В конце концов я все-таки заснул под их разговор и проснулся в восемь утра. Мы шли в открытом море курсом на Новороссийск.

У меня болела вся левая часть головы, рука и но­га. Улегшись на эту левую сторону, чтобы меньше чувствовать боль, я стал читать "Войну и мир"; кни­га, на мое счастье, оказалась в судовой библио­теке.

Потом днем я довольно долго говорил с не­сколькими моряками нашего лесовоза. Не берусь судить с точки зрения военно-морской стратегии, но из этого разговора, так же, как и из некоторых лич­ных впечатлений, я вынес ощущение, что мы на Чер­ном море поначалу недостаточно берегли свой тор­говый флот, недостаточно прикрывали своим воен­ным флотом торговые суда и, поставив на них по две-три пушки, порой пускали их на произвол судь­бы в опасные рейсы. Так получилось, в частности, и в Феодосии, где после великолепной высадки десан­та, потом при подброске подкреплений и боеприпа­сов многие пароходы шли вразброд, без конвоя, и немцы потопили четыре или пять из них.

Не знаю, быть может, все это и не совсем пра­вильно и точно, но тогда на лесовозе у меня воз­никло именно такое ощущение. А что до торговых моряков, с которыми я говорил в тот день, то это были храбрые ребята, но в их душах присутствовало горькое чувство обиды и даже некоторой обречен­ности: ну, что ж, может быть, они сделают еще один рейс, может быть, еще один, а там... Наверно, в тот день на них повлияло, что на их глазах только что рядом с ними, в Феодосийской гавани, потопили два парохода. А может, повлияло и то, что их самих це­лых два часа подряд бомбили, пока они шли без всякого прикрытия в Феодосию...

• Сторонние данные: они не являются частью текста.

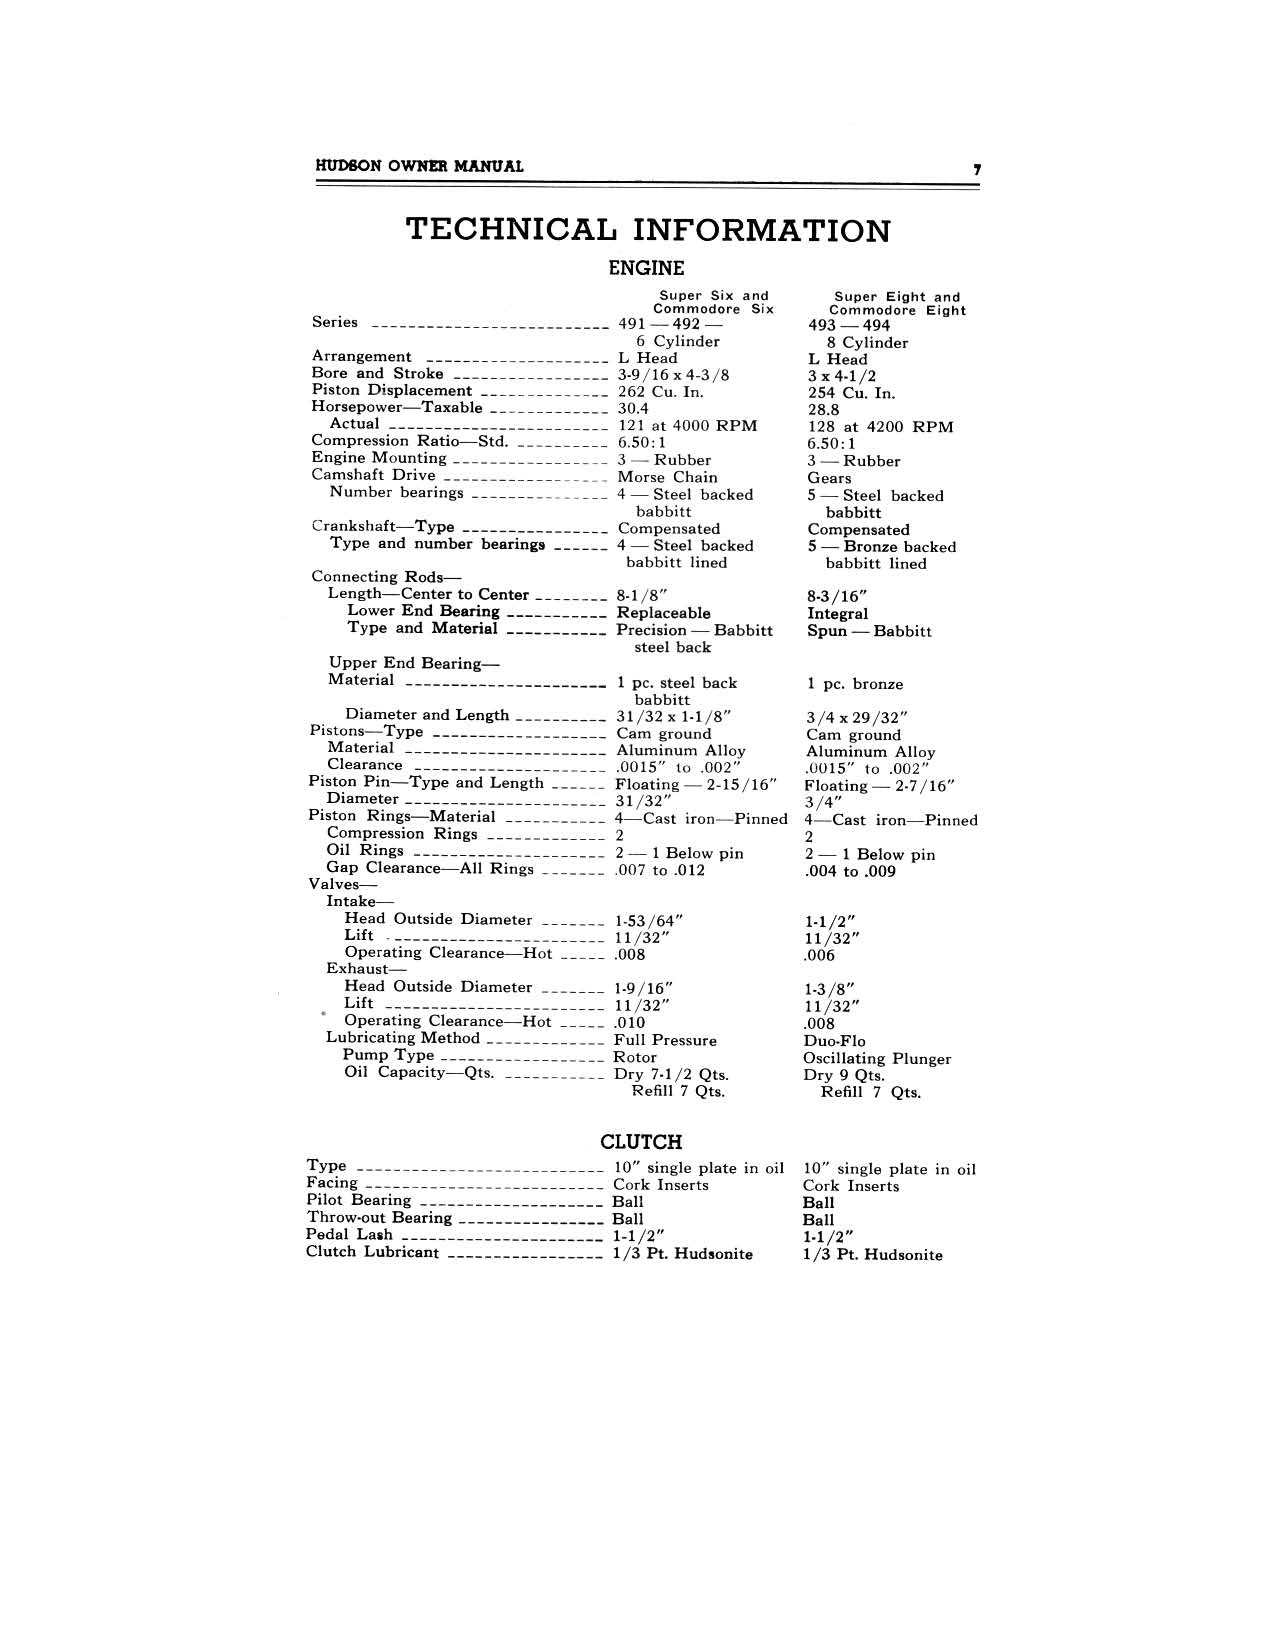 1949 Hudson Owners Manual-09

Я долго думал об этом горьком разговоре и, ког­да позже прочел указ о награждении моряков тор­гового флота, вспомнил этих моряков с "Серова" и порадовался за них,

Mы высадились в Новороссийске вечером и пря­мо с парохода зашли на ФКП, где я на этот раз за­стал Азарова. Узнав, что я только что вернулся из Феодосии, и, очевидно, вспомнив, что когда-то, в на­чале войны, я ходил на подводной лодке, он сказал:

— Вот, товарищ Симонов, приехали бы вы на час раньше...

— А что?

— Отправили десанты в разные пункты, в частно­сти один на подводной лодке. Вам было бы инте­ресно. — Помолчав, он добавил: — Жаль, жаль, что вас не было хотя бы час назад. Я бы вас устроил.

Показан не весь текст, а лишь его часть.